Словами огня и леса Том 1 и Том 2 (СИ) - Дильдина Светлана. Страница 47

— Бьется… я видел человеческие сердца, но ни разу не подумал взглянуть, какое оно у энихи.

— Посмотри… — мальчишка развернулся к брату спиной, прислонился, словно к стене. Надежной… Он все еще дышал слишком неровно, и бока вздымались. — Мне не жаль. А хочешь — завтра принесу тебе из леса? Я видел следы самки у Атуили.

Пальцы пробежали по груди Кайе, очерчивая круг:

— На что похоже твое…

Старший очнулся, вскинулся:

— Пора — возвращаются, слышишь? Будет тебе энихи сегодня.

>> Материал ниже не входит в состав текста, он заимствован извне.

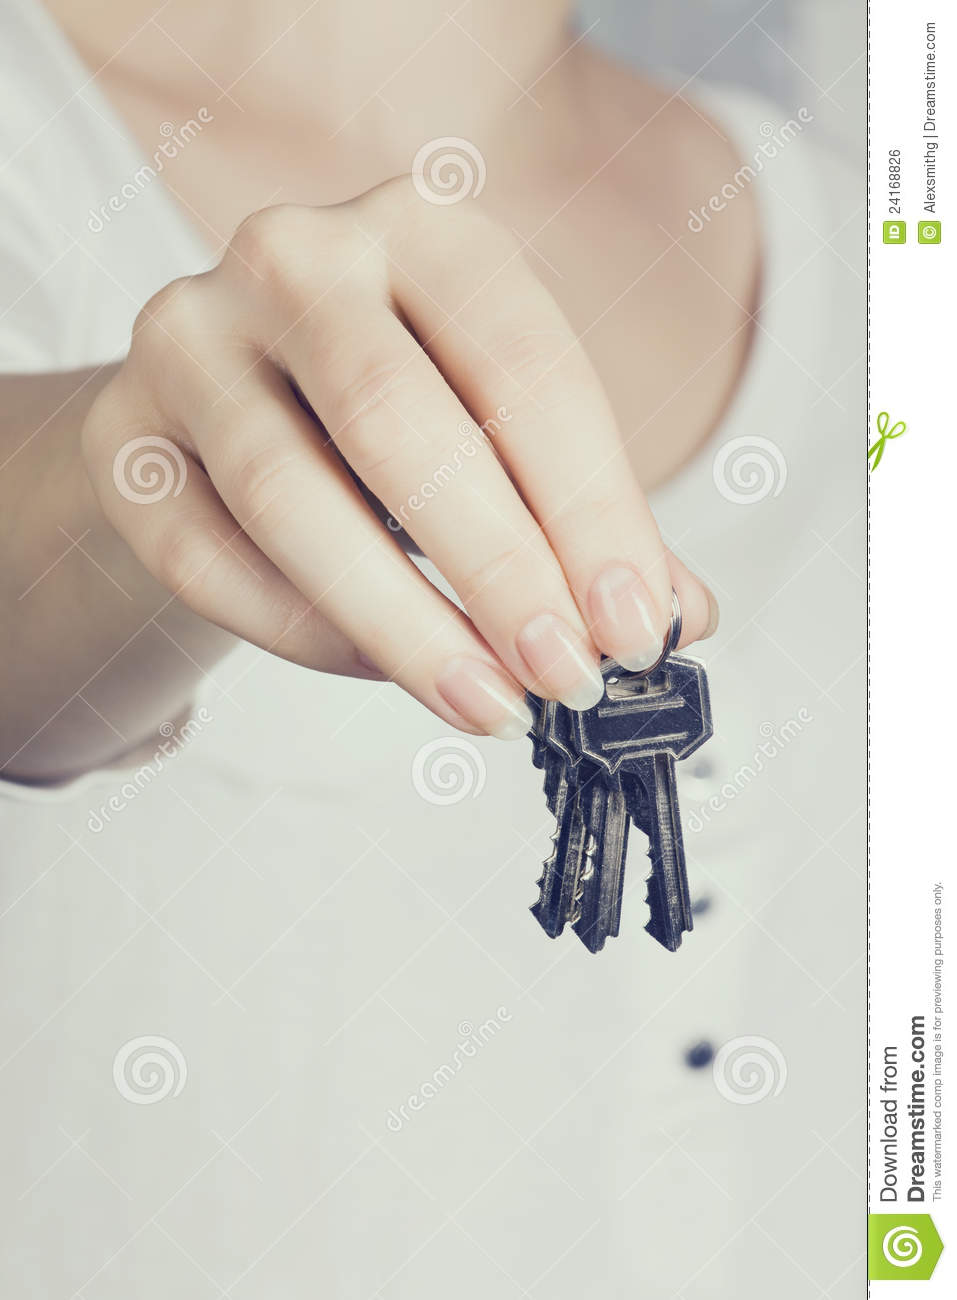 Woman S Hand Holding New Keys Royalty Free Stock Image   Image

Какой праздник без игр и Круга, и без диких зверей? А человек — тоже хищник, и весело наблюдать, кто кого. Нет нужды брать для Круга простых жителей, есть и преступившие закон.

Так человеку, чьи проступки не столь велики, дают возможность сохранить себе жизнь — почему бы нет? Сумеет продержаться, тем более убить хищника — отпустят живым, изгонят за пределы Асталы. Развлечение хорошее, яркое.

Сколько раз видел подобное… И медведь был, и волки-итара. Да мало ли забав можно изобрести! Сегодня молодого энихи выпустили. Преступившему закон все равно умирать, а здесь, в праздник, хоть надежда есть. А Къятта впервые спросил:

— А ты не хочешь быть на месте этого зверя?

— Нет.

— Почему?

— Потому что мне просто справиться с ним, — кивнул, указывая на пригнувшуюся в ожидании хищника фигуру человека.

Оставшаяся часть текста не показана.